Web-App Overview
This application is a browser-based prototype for an interactive histopathology analysis tool. It allows users to explore, visualize, and simulate the processing of high-resolution tissue images directly within the browser. All operations are performed client-side, ensuring data privacy and speed without requiring any server-side infrastructure, plugins, or installations.
How To Use
- Select Sample: Use the dropdown menu to choose from a set of pre-defined synthetic tissue samples.
- Navigate the Image:
- Zoom: Use the mouse wheel or a two-finger pinch gesture on touch devices.
- Pan: Click and drag with the mouse or use a one-finger drag on touch devices.
- Choose Analysis: Select an analysis mode like "Cell Counting" or "Tumor Segmentation" from the second dropdown. The analysis will run automatically.
- Adjust Parameters (On-the-fly): Use the sliders to control parameters. The primary analysis slider (e.g., "Sensitivity", "Proximity") will update the analysis in real-time. It will be disabled if not applicable to the current mode.
- Toggle Overlays: Use the "Show Overlays" switch to hide or show the analysis results without re-running the process.
- Sonification: Enable the "Enable Sound" switch to hear auditory feedback corresponding to the analysis.
- Play Demo: Click the "Play Demo" button to see an automated tour of the tool's features. The demo starts automatically after 10 seconds of inactivity and stops when you interact with the page.
Technical Details
- Single-File Architecture: The entire application (HTML, CSS, JavaScript, and data) is contained within this single file for maximum portability and simplicity.
- Client-Side Processing: All image rendering and analysis simulations are performed by JavaScript running in your browser. No data ever leaves your computer.

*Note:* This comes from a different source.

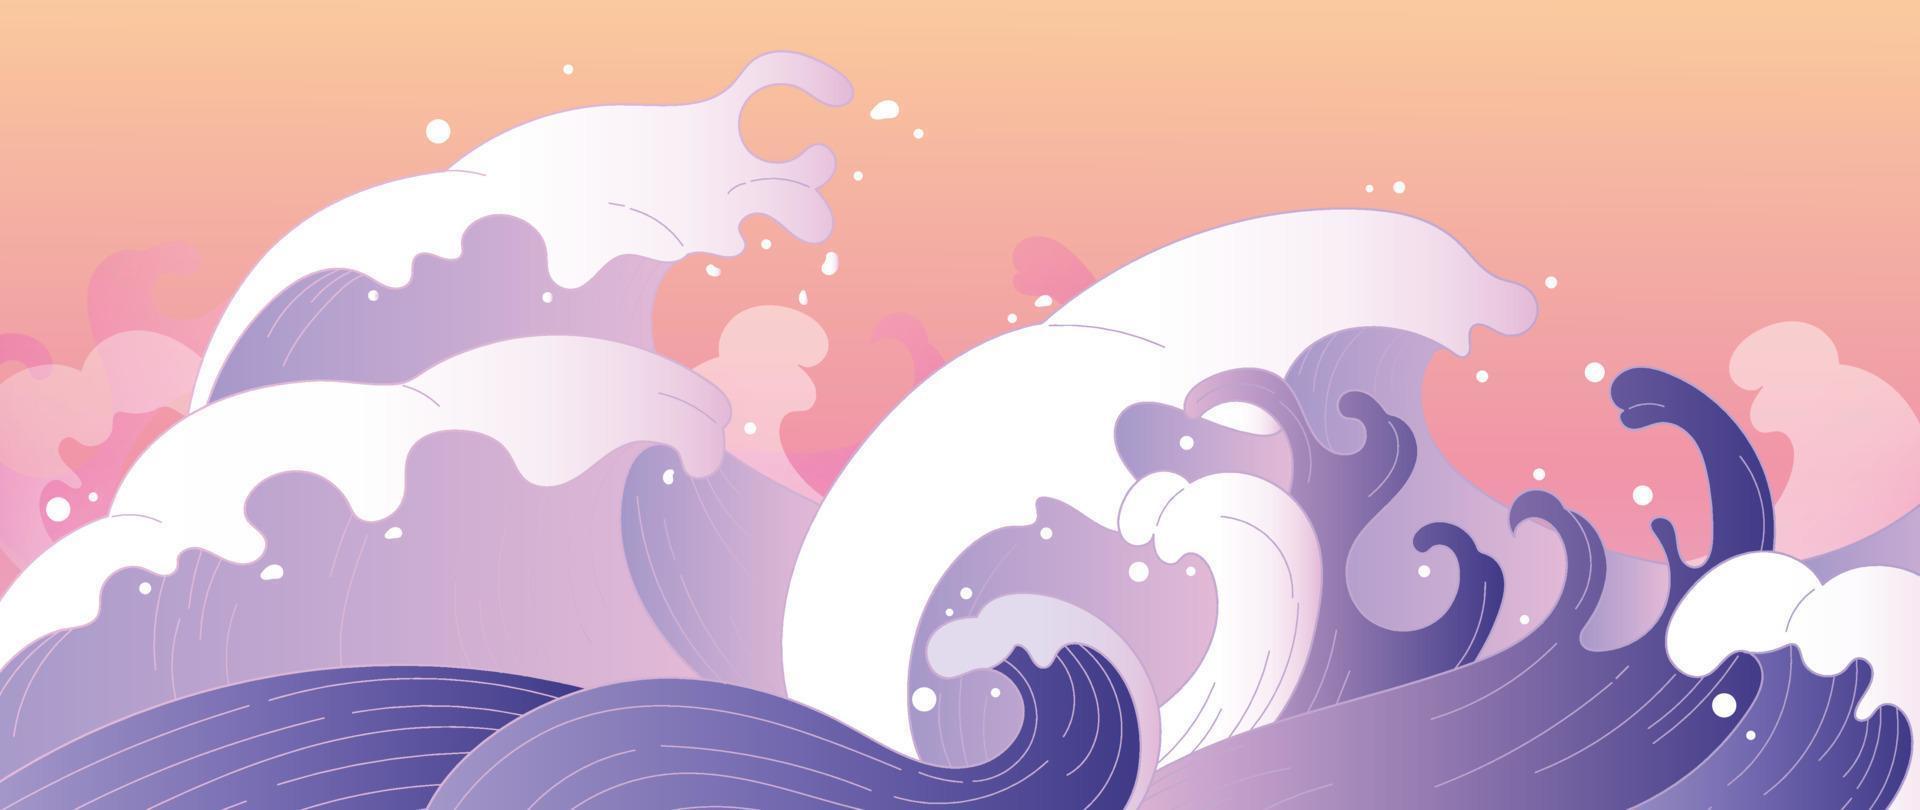 traditioneller japanischer wellenmustervektor. elegante handgezeichnete orientalische ozeanwelle abstrakter musterstilhintergrund. Kunstdesignillustration für Druck, Comic, Poster, Heimtextilien und Tapeten. vektor

- Canvas Rendering: The tool uses two stacked HTML5
<canvas> elements. One renders the base image, and the other renders the analysis overlays. This improves performance by separating static and dynamic content.
- Synthetic Data: To avoid loading large image files and to keep the app self-contained, the histopathology "images" are procedurally generated from a JSON object embedded in the code.
- Interaction Model: The application supports mouse (wheel for zoom, drag for pan) and touch events (pinch for zoom, drag for pan).
- Sonification: The Web Audio API is used to generate simple sounds based on analysis results, providing multi-modal feedback.
- No Dependencies: The project is built with vanilla JavaScript, HTML, and CSS, without relying on any external frameworks.
Future Directions
This prototype serves as a foundation for a more powerful tool. Future enhancements could include:
- Real Image Support: Integration with libraries like OpenSeadragon to handle real, gigapixel-sized Whole Slide Images (WSIs).
- Machine Learning Integration: The modular analysis pipeline is designed to allow for the future integration of client-side machine learning models (using TensorFlow.js or ONNX.js) for more sophisticated, AI-driven analysis.
- Advanced Annotation Tools: Adding tools for users to manually draw regions of interest (ROIs), add labels, and correct automated analysis results.
- Data Export: Allowing users to export analysis results (e.g., cell counts, region areas) as a CSV or JSON file.
- 3D Visualization: Support for viewing and analyzing 3D imaging data, such as from confocal microscopy or serial sectioning.